BEGIN Raw data
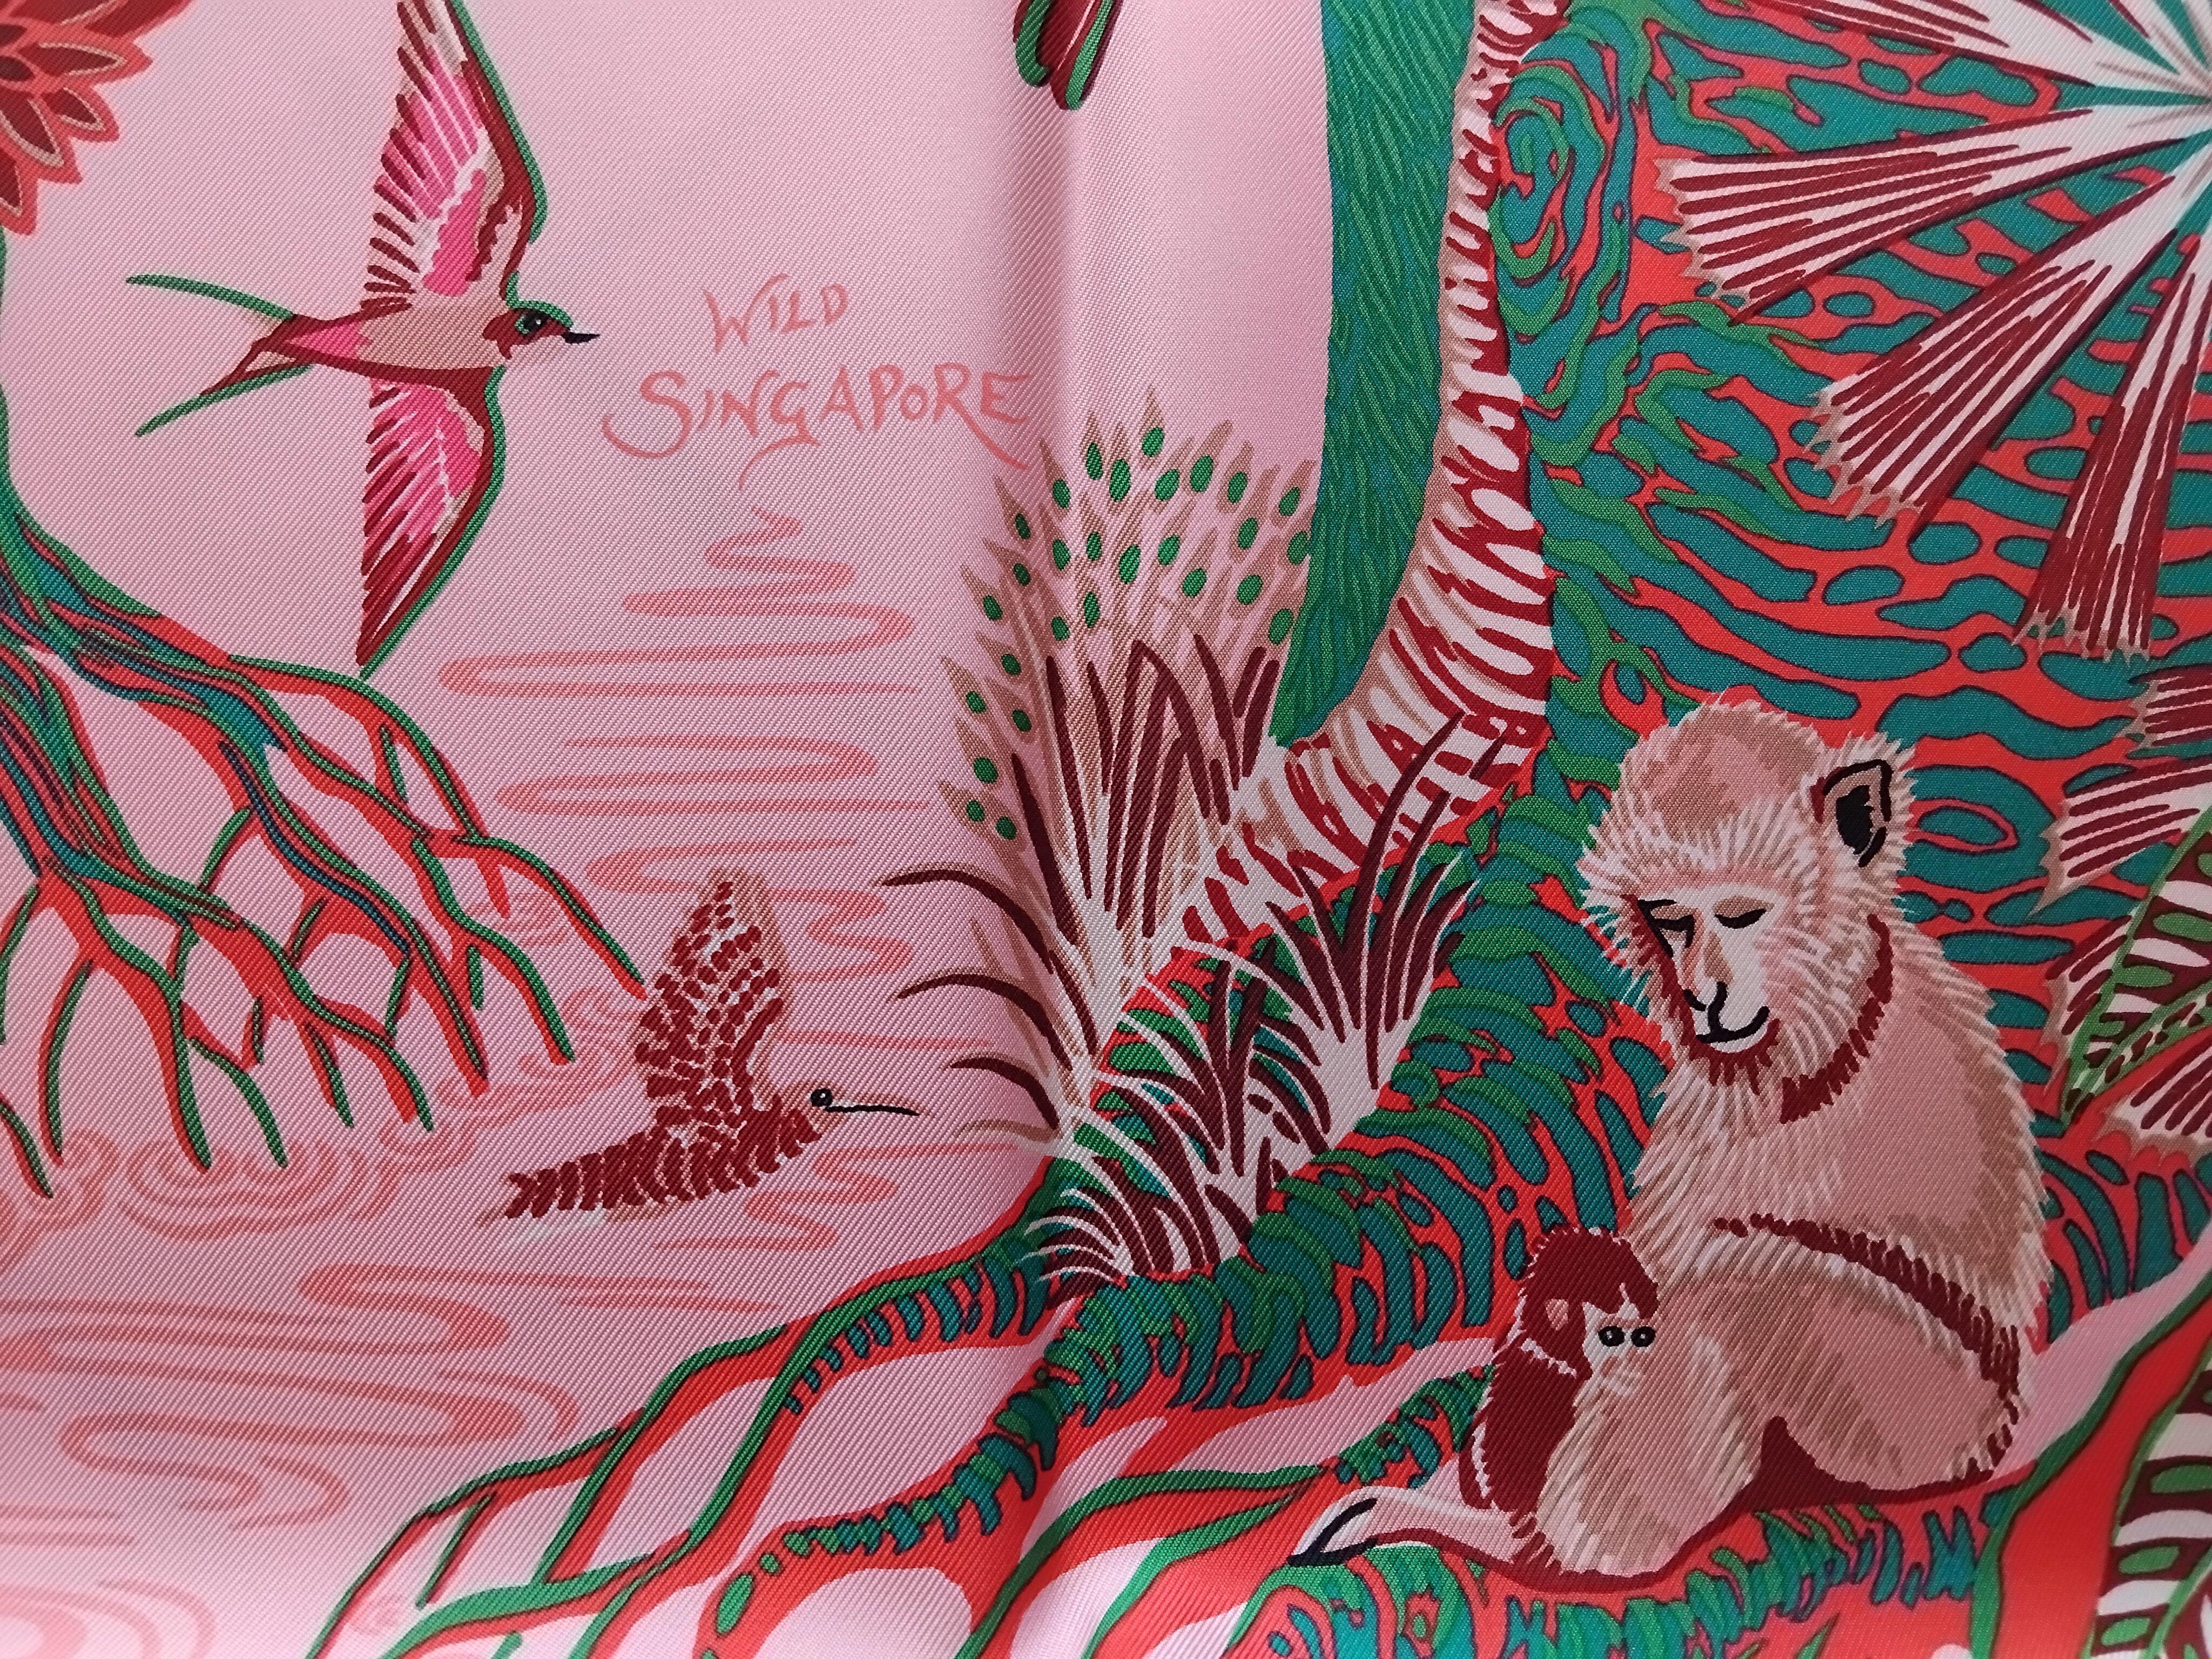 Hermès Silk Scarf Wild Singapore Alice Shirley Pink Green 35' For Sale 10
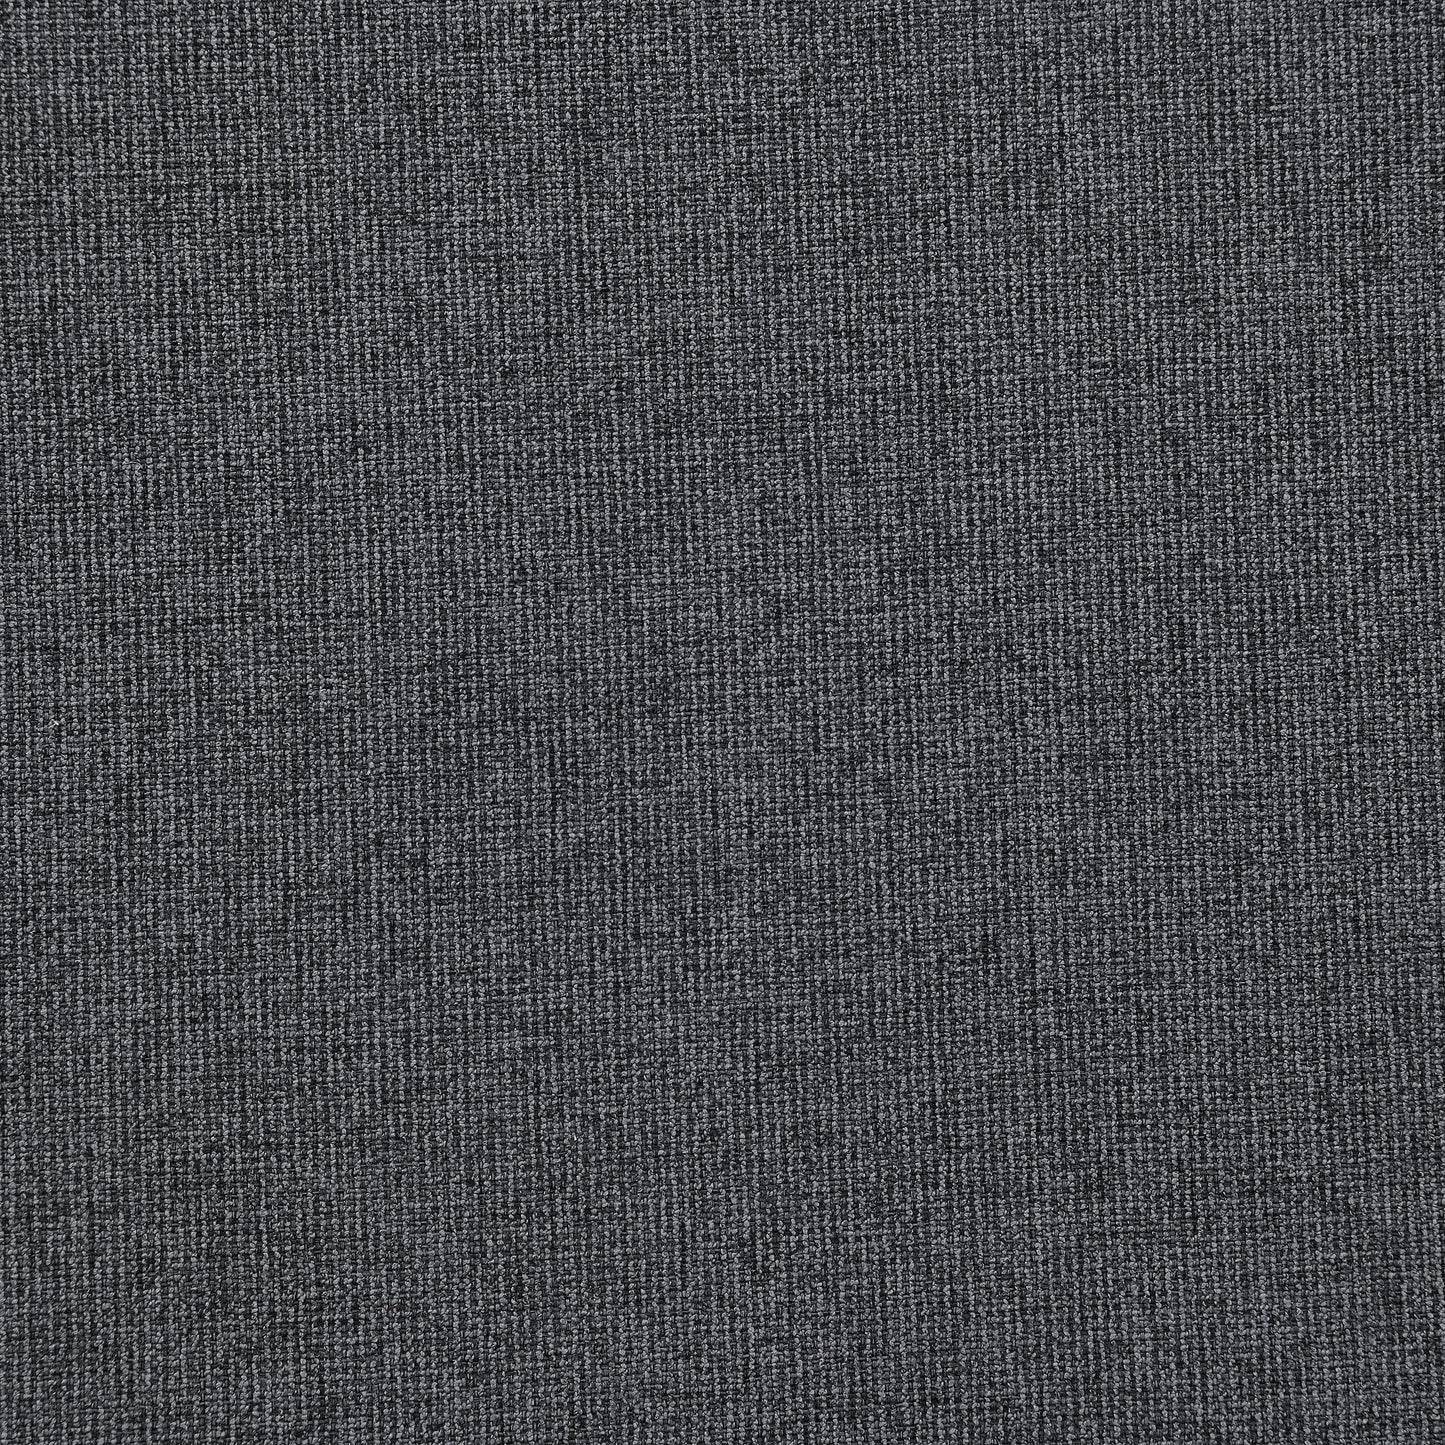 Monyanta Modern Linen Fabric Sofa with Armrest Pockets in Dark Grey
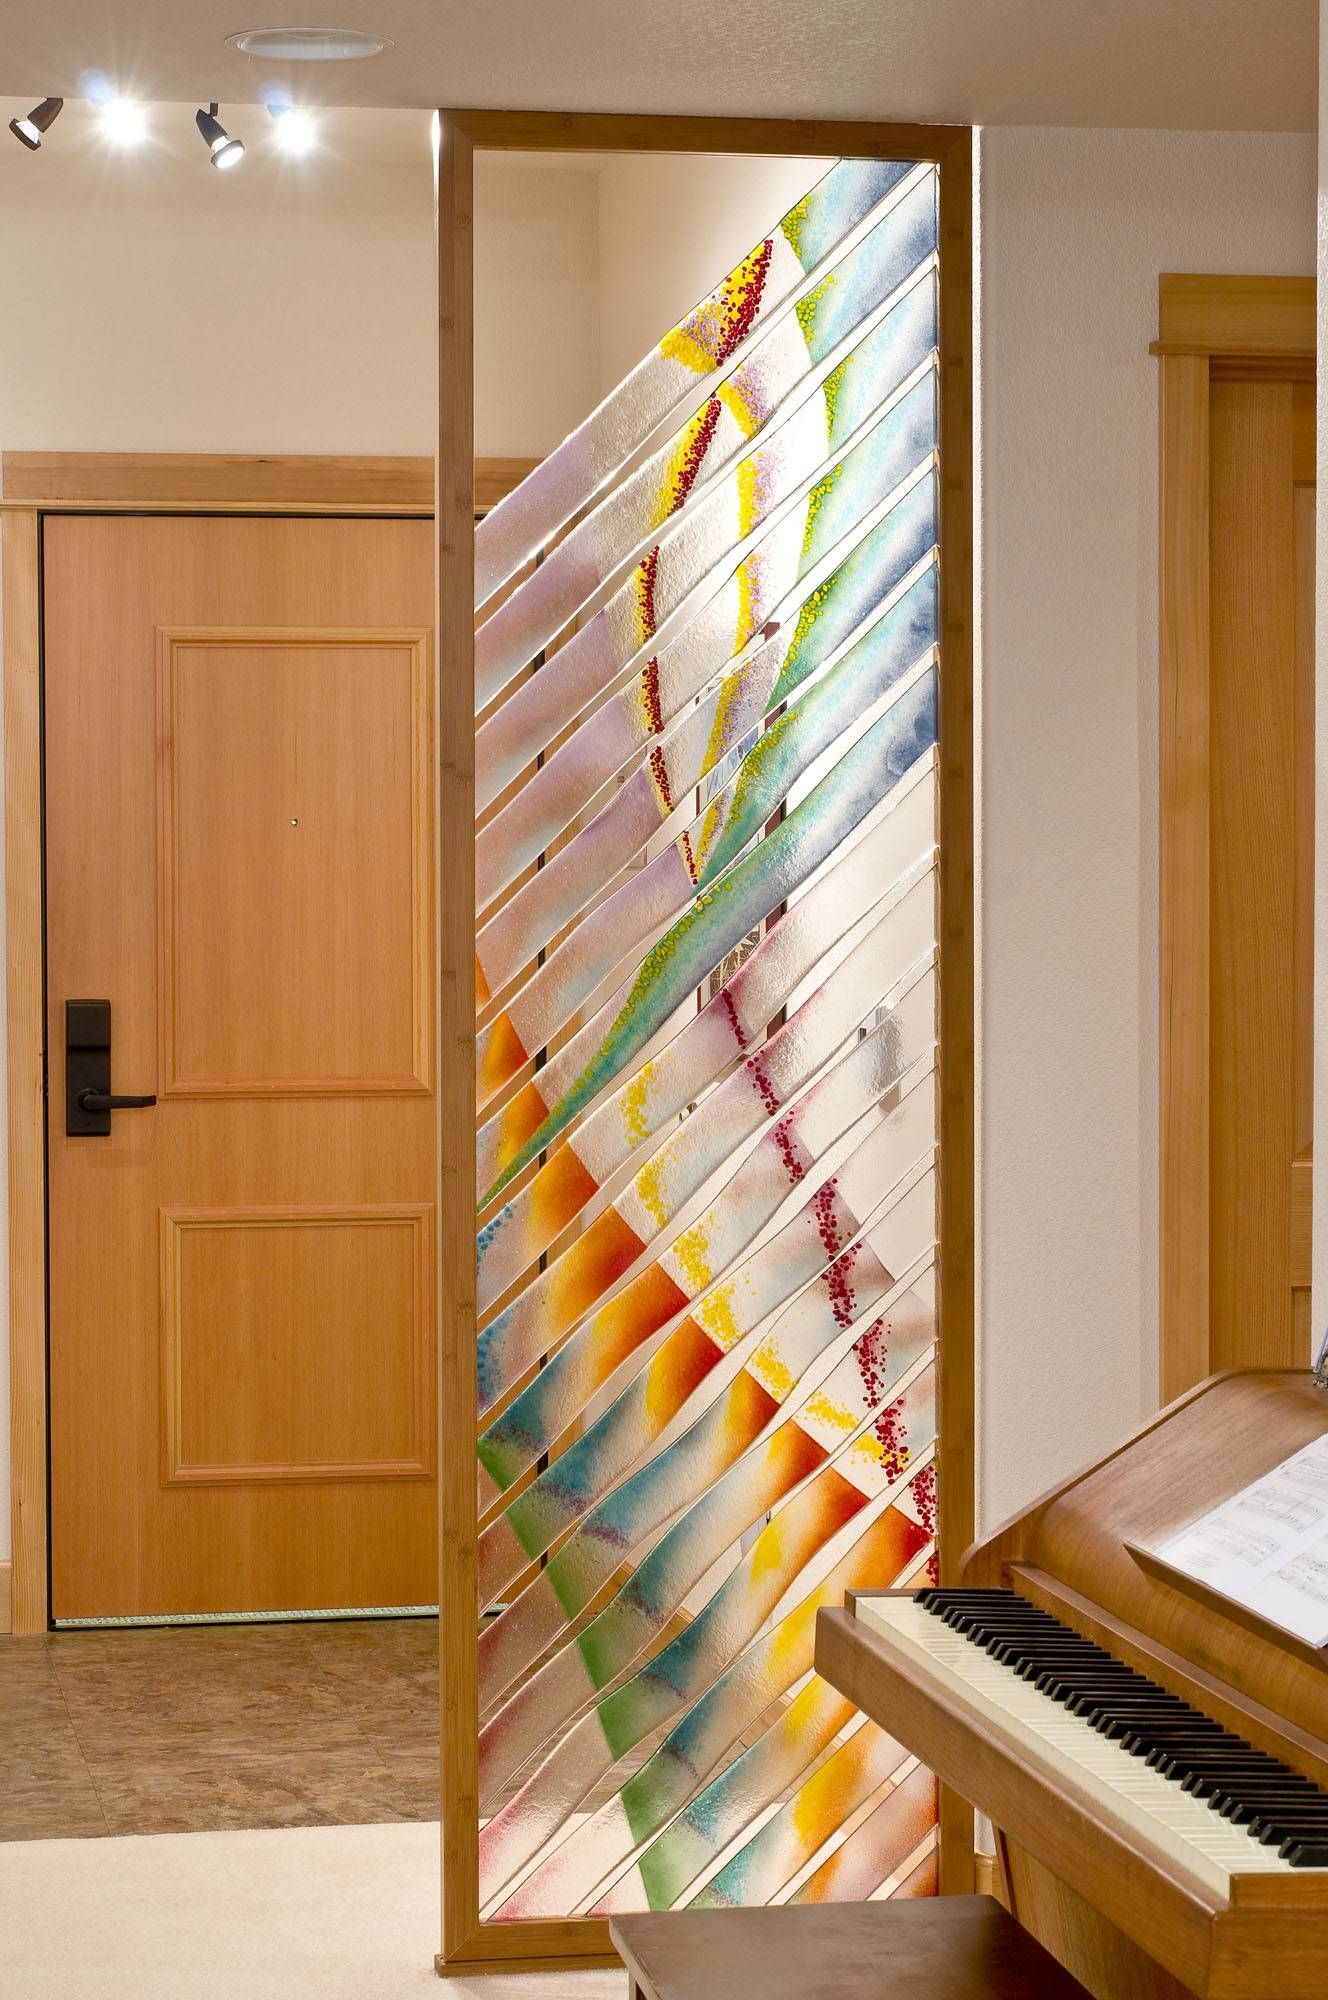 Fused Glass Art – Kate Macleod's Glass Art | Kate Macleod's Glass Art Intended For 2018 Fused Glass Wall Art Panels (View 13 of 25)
END Raw data
I would like the material above returned exactly as it stands, without its pictures.

Solution for this exercise:
 Hermès Silk Scarf Wild Singapore Alice Shirley Pink Green 35' For Sale 10
 Monyanta Modern Linen Fabric Sofa with Armrest Pockets in Dark Grey
 Fused Glass Art – Kate Macleod's Glass Art | Kate Macleod's Glass Art Intended For 2018 Fused Glass Wall Art Panels (View 13 of 25)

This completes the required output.